My question is, whether the following code is valid:
template<int i> class Class
{
static_assert(sizeof(i) == 0, "Class instantiated with i != 1");
};
template<> class Class<1> {};
This snippet compiles with g++
. But clang++
is trapped by the static_assert
:
error: static_assert failed "Class instantiated with non-int type"
A template that uses a type instead of an int
like
template<typename T> class Class
{
static_assert(sizeof(T) == 0, "Class instantiated with non-int type");
};
template<> class Class<int> {};
is accepted by both compilers. Exactly the same pattern applies to function templates.
I found open-std.org::Non-dependent static_assert-declarations, but that does not seem to apply, because my static_assert
is dependent on the template parameter.
You may check the described behavior on godbolt.org
EDIT: As Johan Lundberg points out in the comment my question is wrong. Indeed sizeof(i)
does not depend on the template parameter. Also R.Sahu is completely right: It would make much more sense to assert i != 1
. For this again both compilers accept the code.
However, still the upper example compiles with g++
. As open-std.org::Non-dependent static_assert-declarations applies to that case (I apologize again for the wrong question in this respect): Is g++
actually wrong in compiling the code without error?

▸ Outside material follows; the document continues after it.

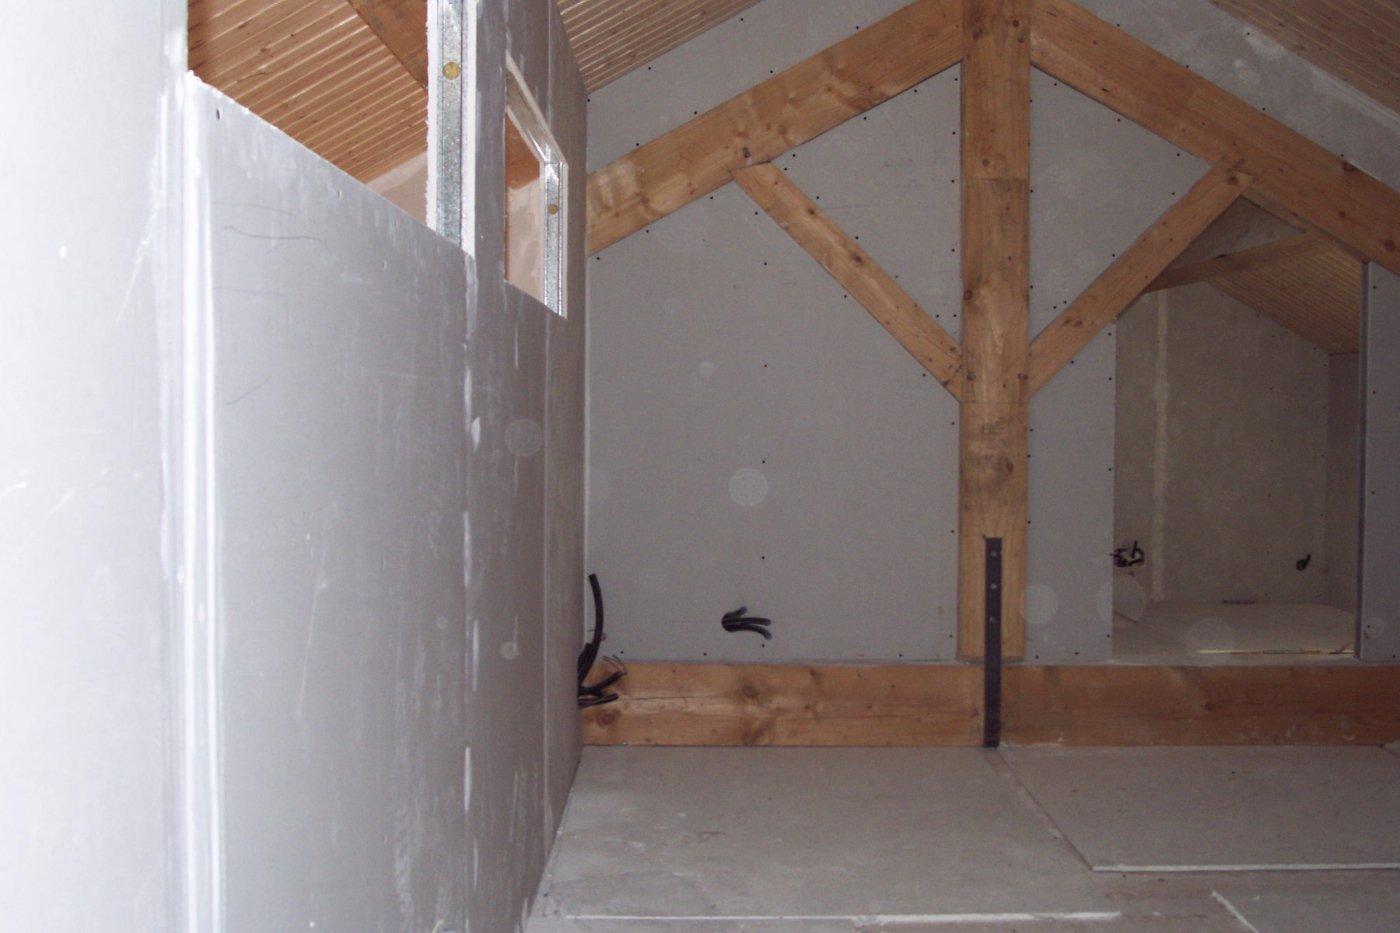 plafond plaque de pl tre sas morales. Black Bedroom Furniture Sets. Home Design Ideas
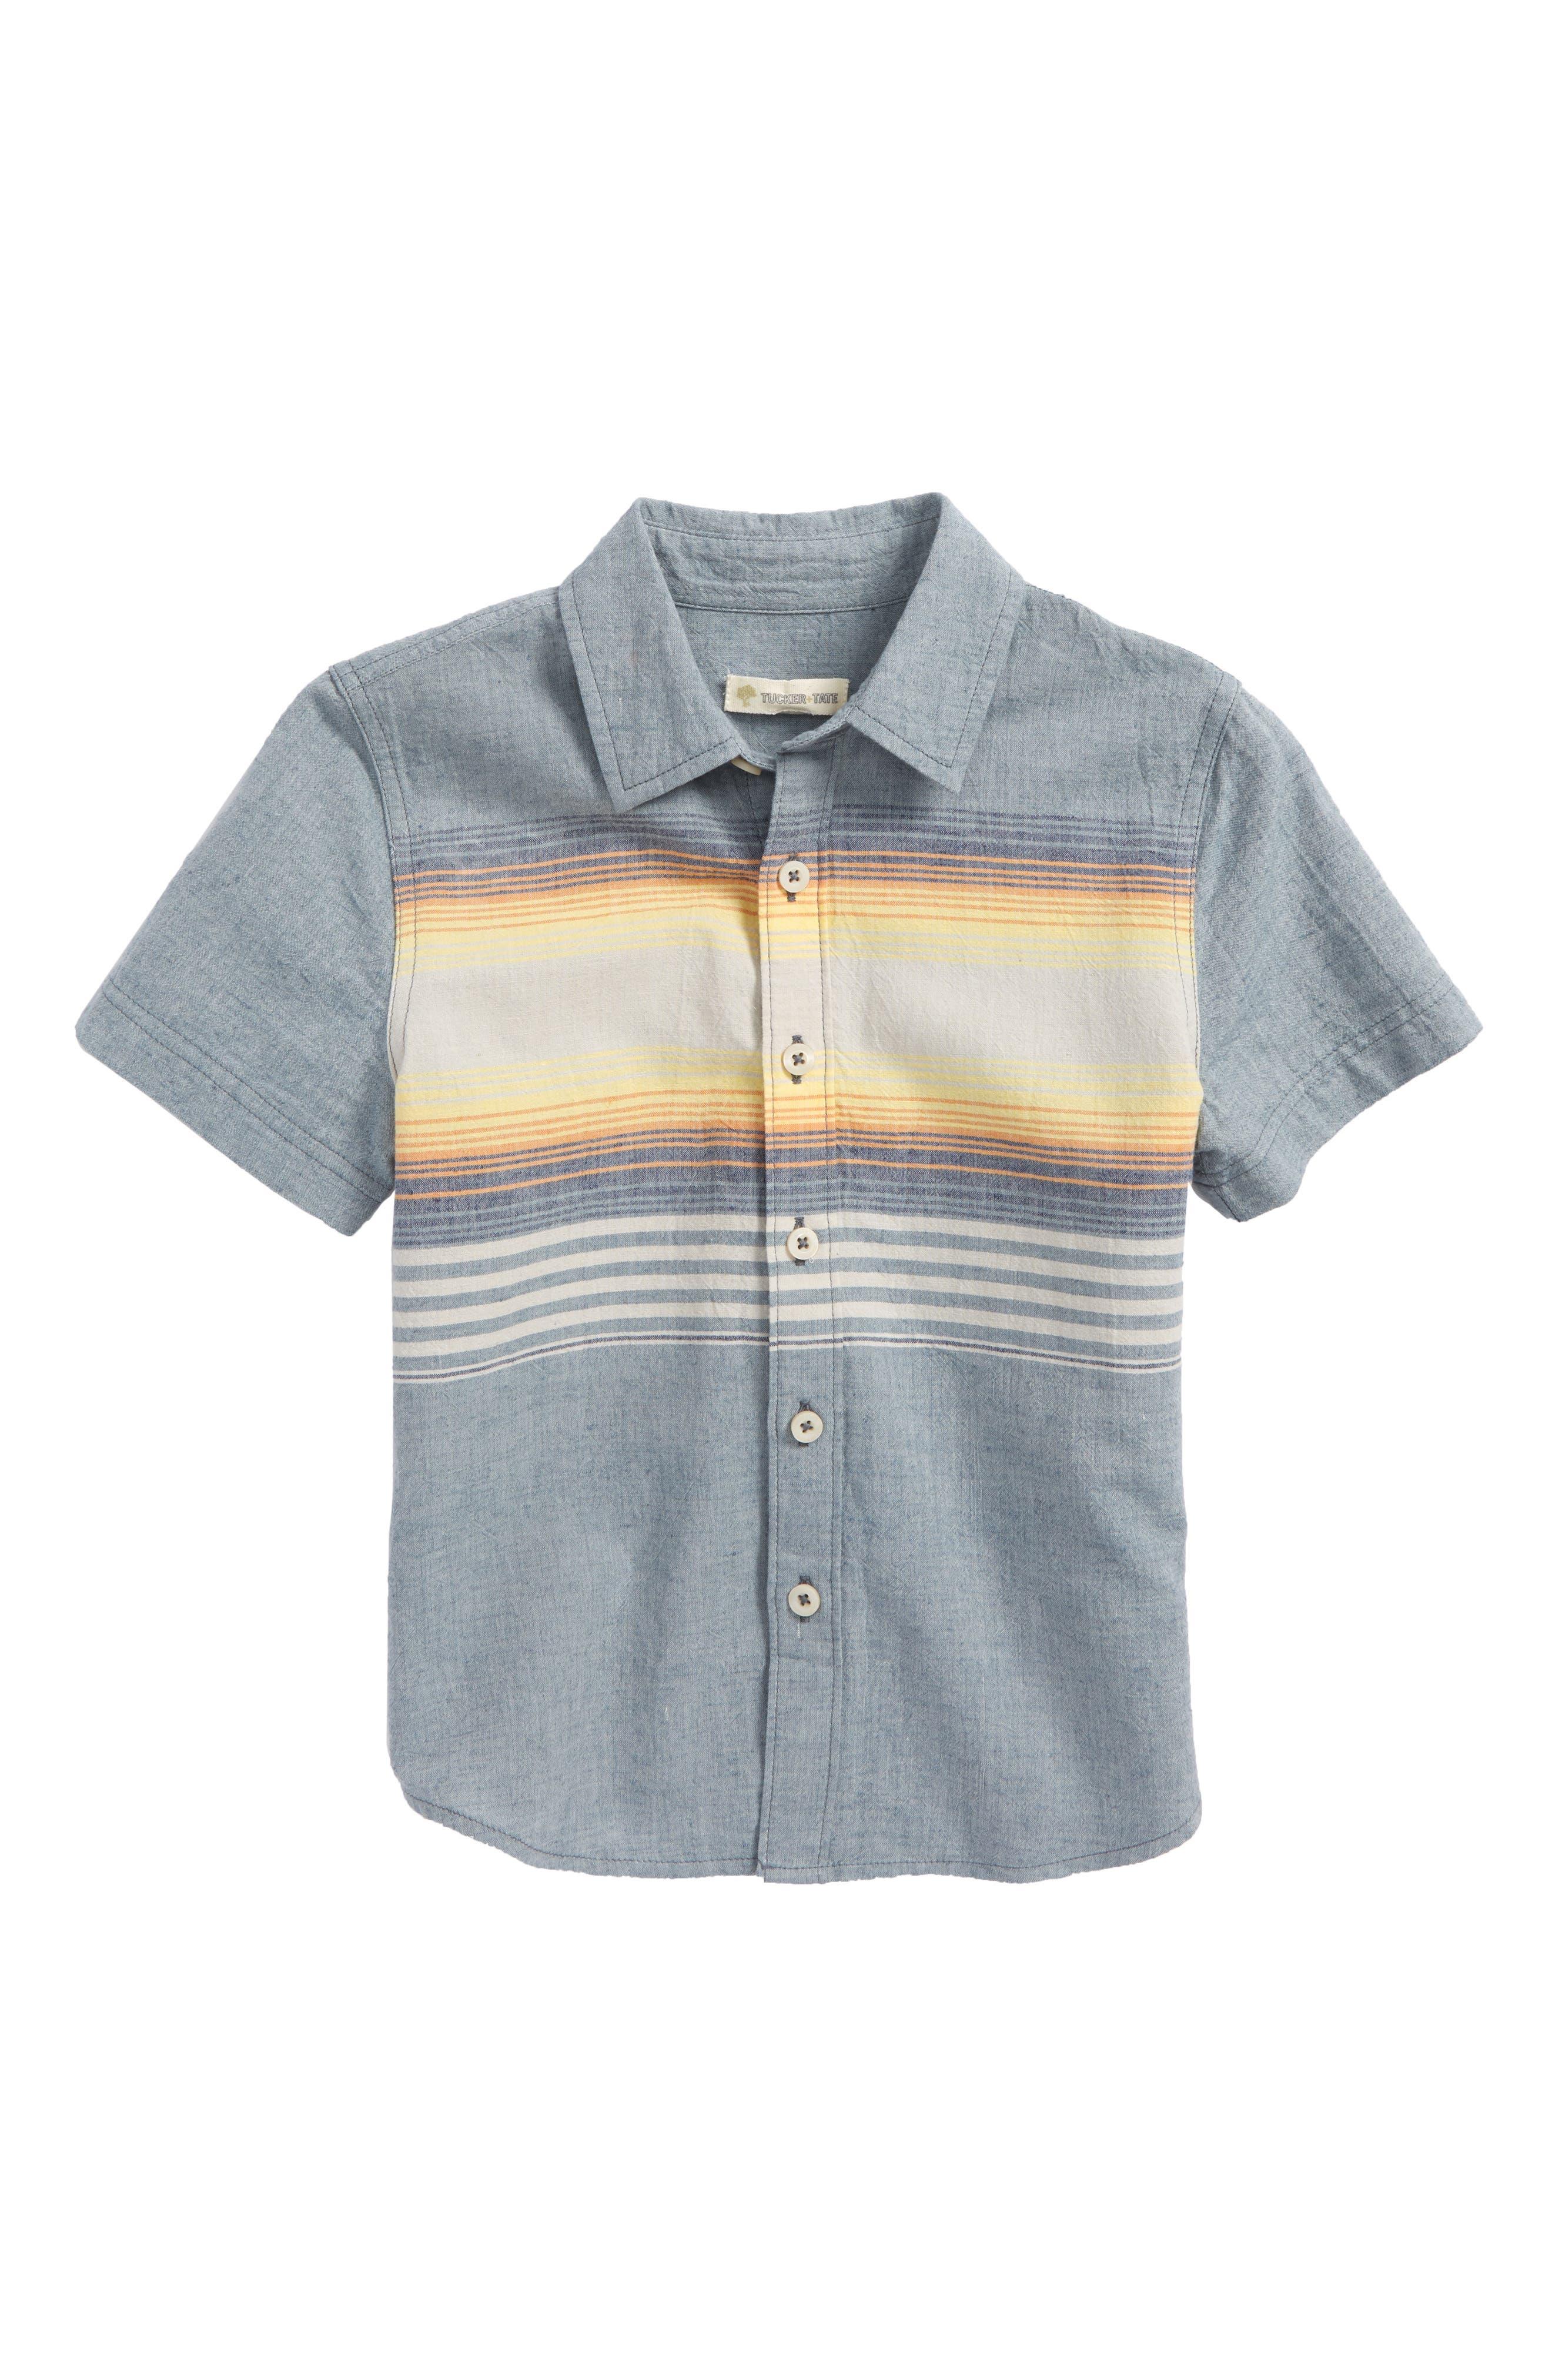 Chambray Stripe Shirt,                             Main thumbnail 1, color,                             Blue Chambray Sunset Stripe

clang++ is right to reject your code, but g++ is not wrong to fail to catch the error; this is a "no diagnostic required" situation.
The Standard strictly defines expressions within a template as "type-dependent" and/or "value-dependent". Given template<int i>
, i
is value-dependent but not type-dependent.
[14.6.2.2/4]: Expressions of the following forms are never type-dependent (because the type of the expression cannot be dependent):
- ...
sizeof
unary-expression- ...
[14.6.2.3/2]: Expressions of the following form are value-dependent if the unary-expression or expression is type-dependent or the type-id is dependent:
sizeof
unary-expression- ...
So sizeof(i)
is not dependent.
Finally, 14.6/8 says:
If a hypothetical instantiation of a template immediately following its definition would be ill-formed due to a construct that does not depend on a template parameter, the program is ill-formed; no diagnostic is required.